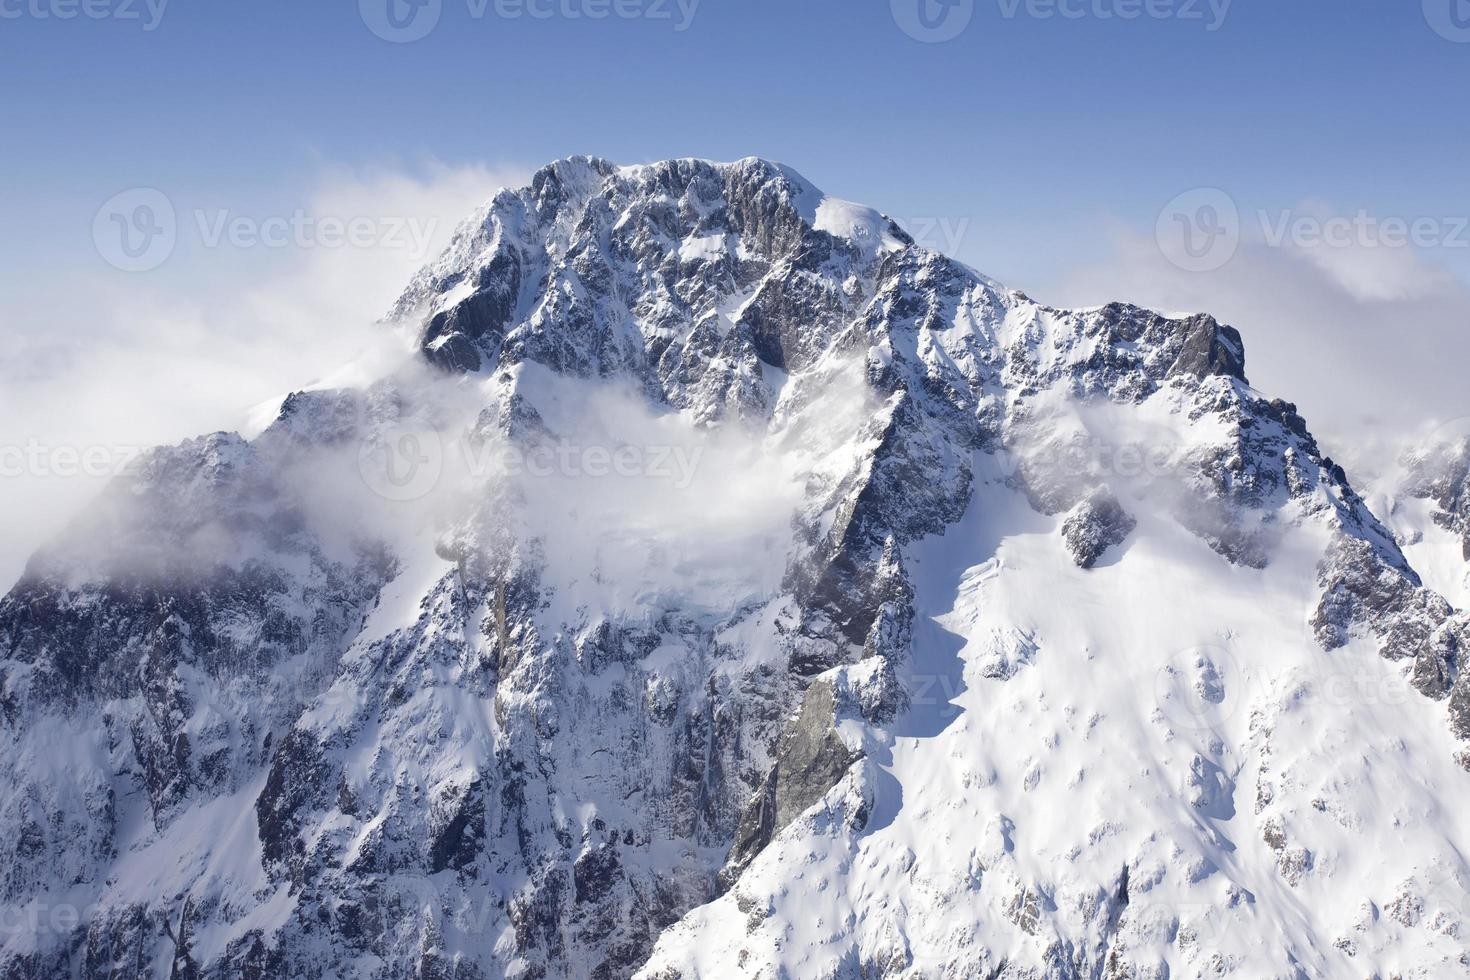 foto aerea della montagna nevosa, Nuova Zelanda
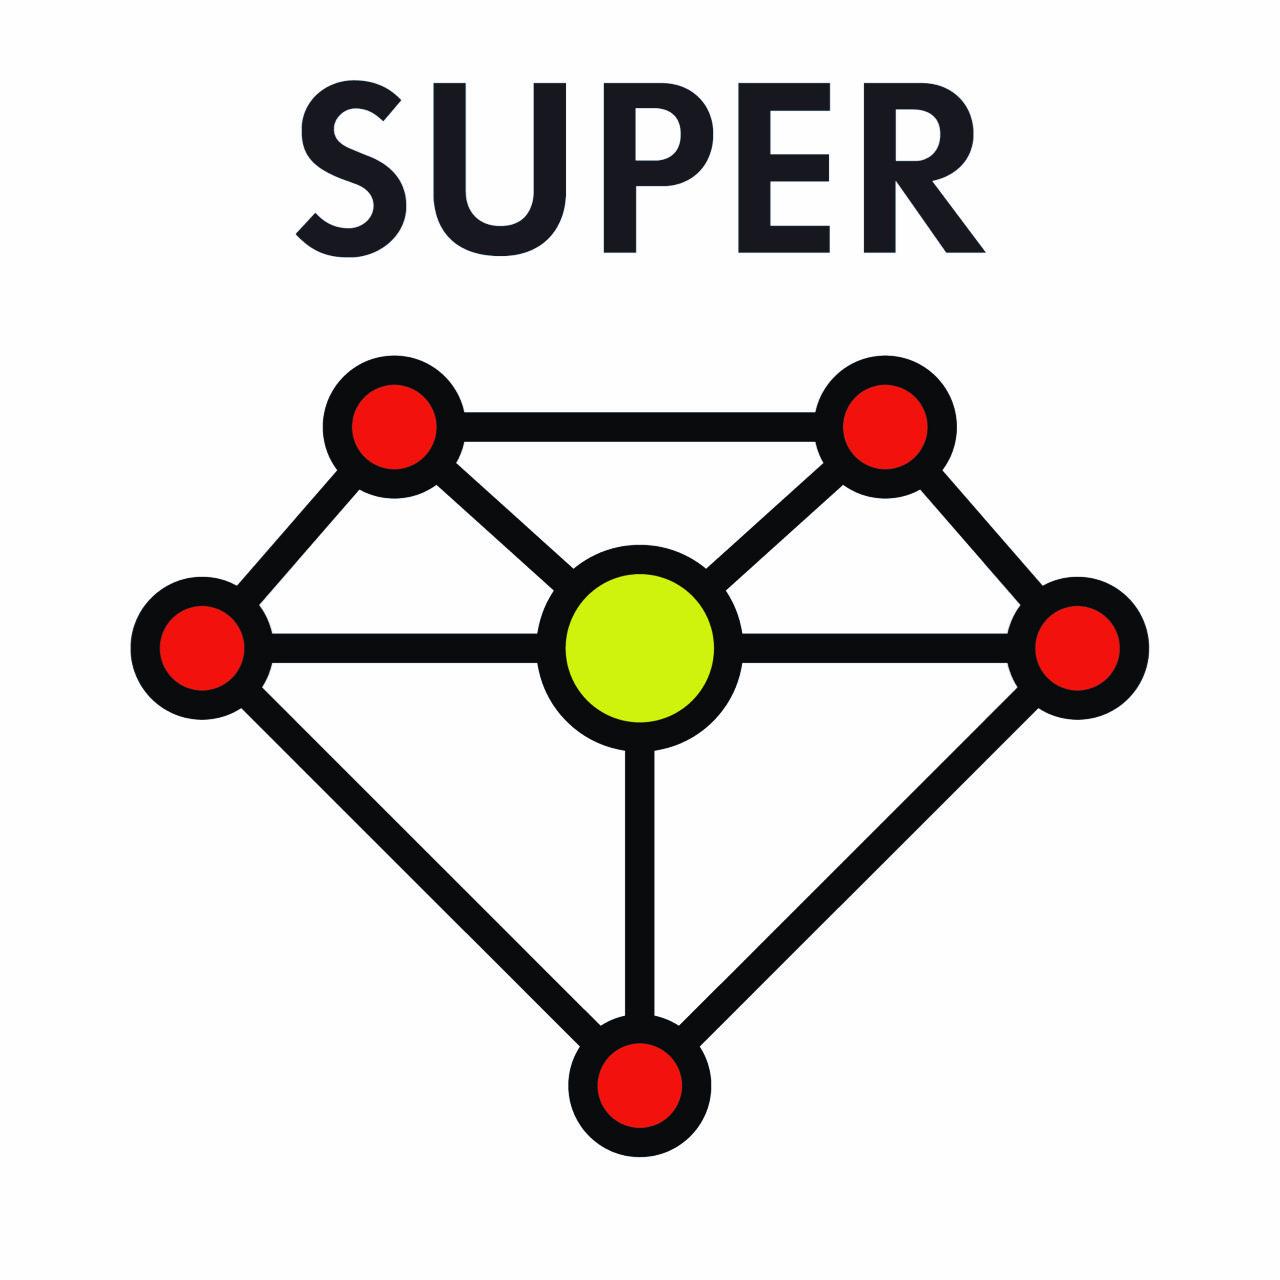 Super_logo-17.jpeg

...

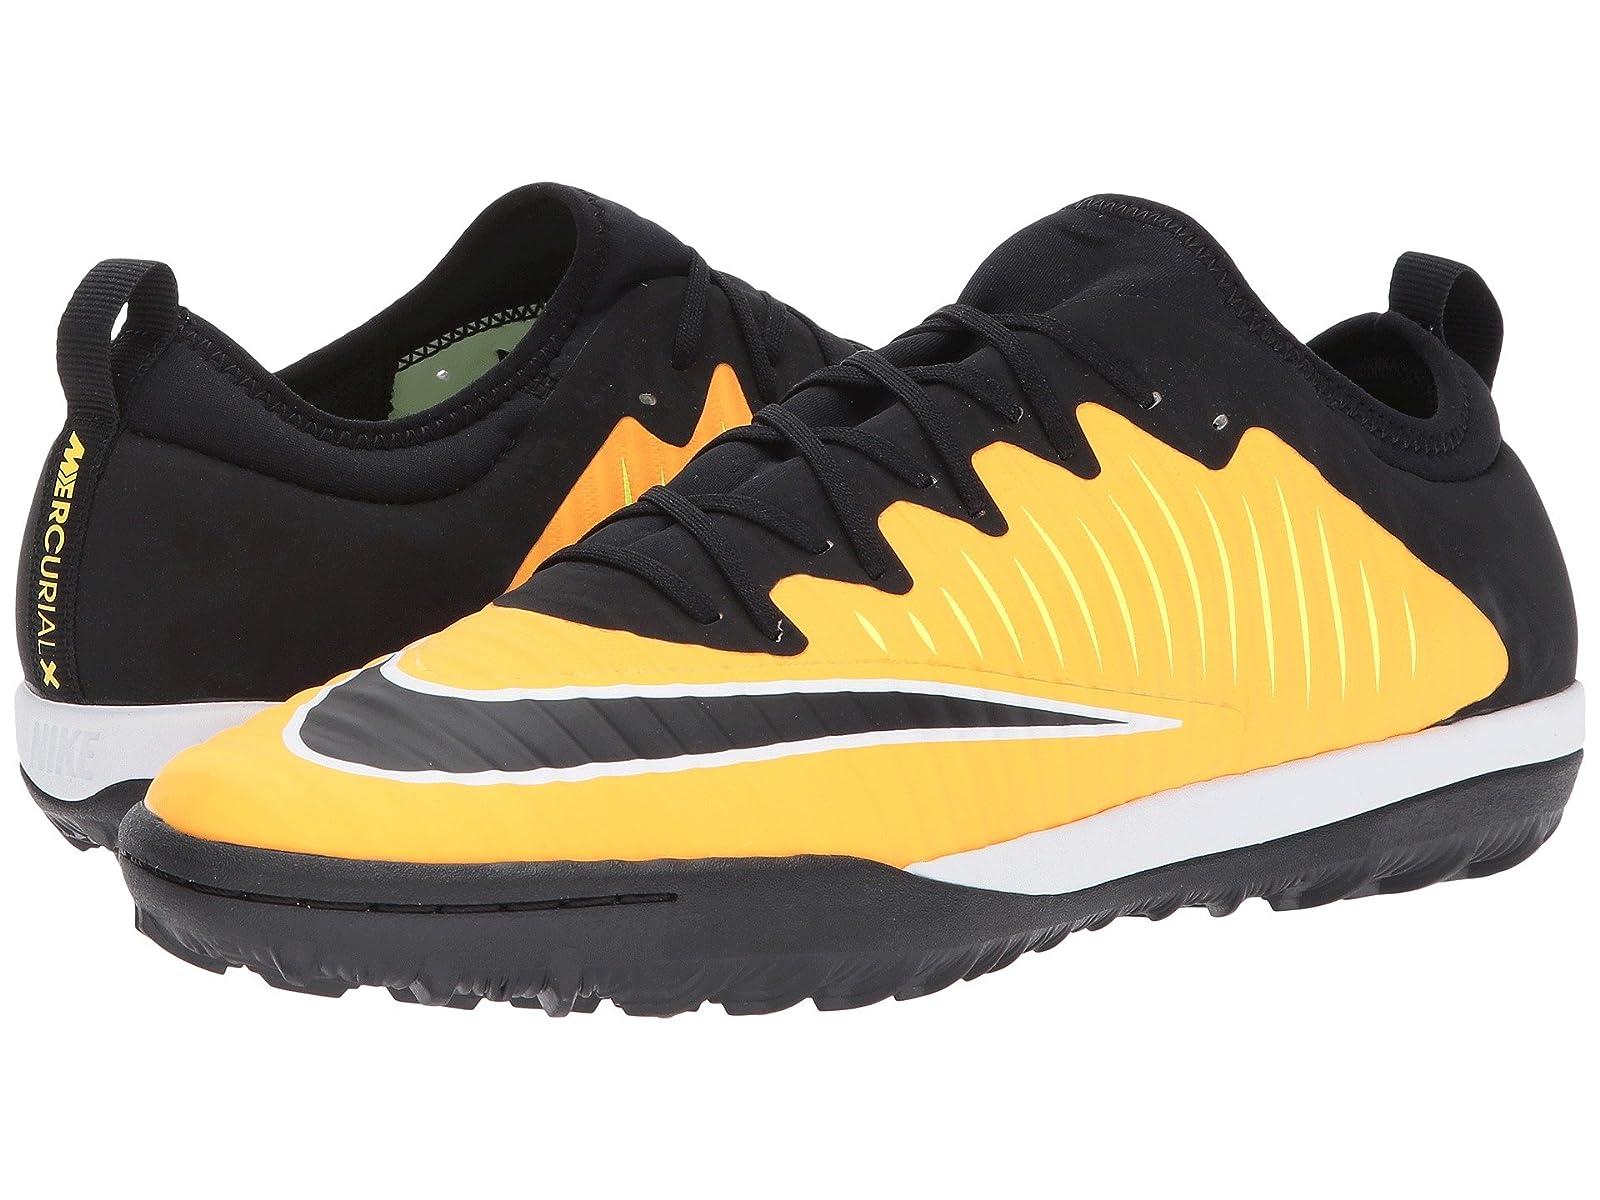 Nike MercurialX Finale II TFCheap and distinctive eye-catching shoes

**Task prompt**
Text only, no pictures: please print exactly the lines above from the line with "foto aerea della" up to and including the line with "Super_logo-17.jpeg", and nothing else.

**Task response**
 foto aerea della montagna nevosa, Nuova Zelanda
 Super_logo-17.jpeg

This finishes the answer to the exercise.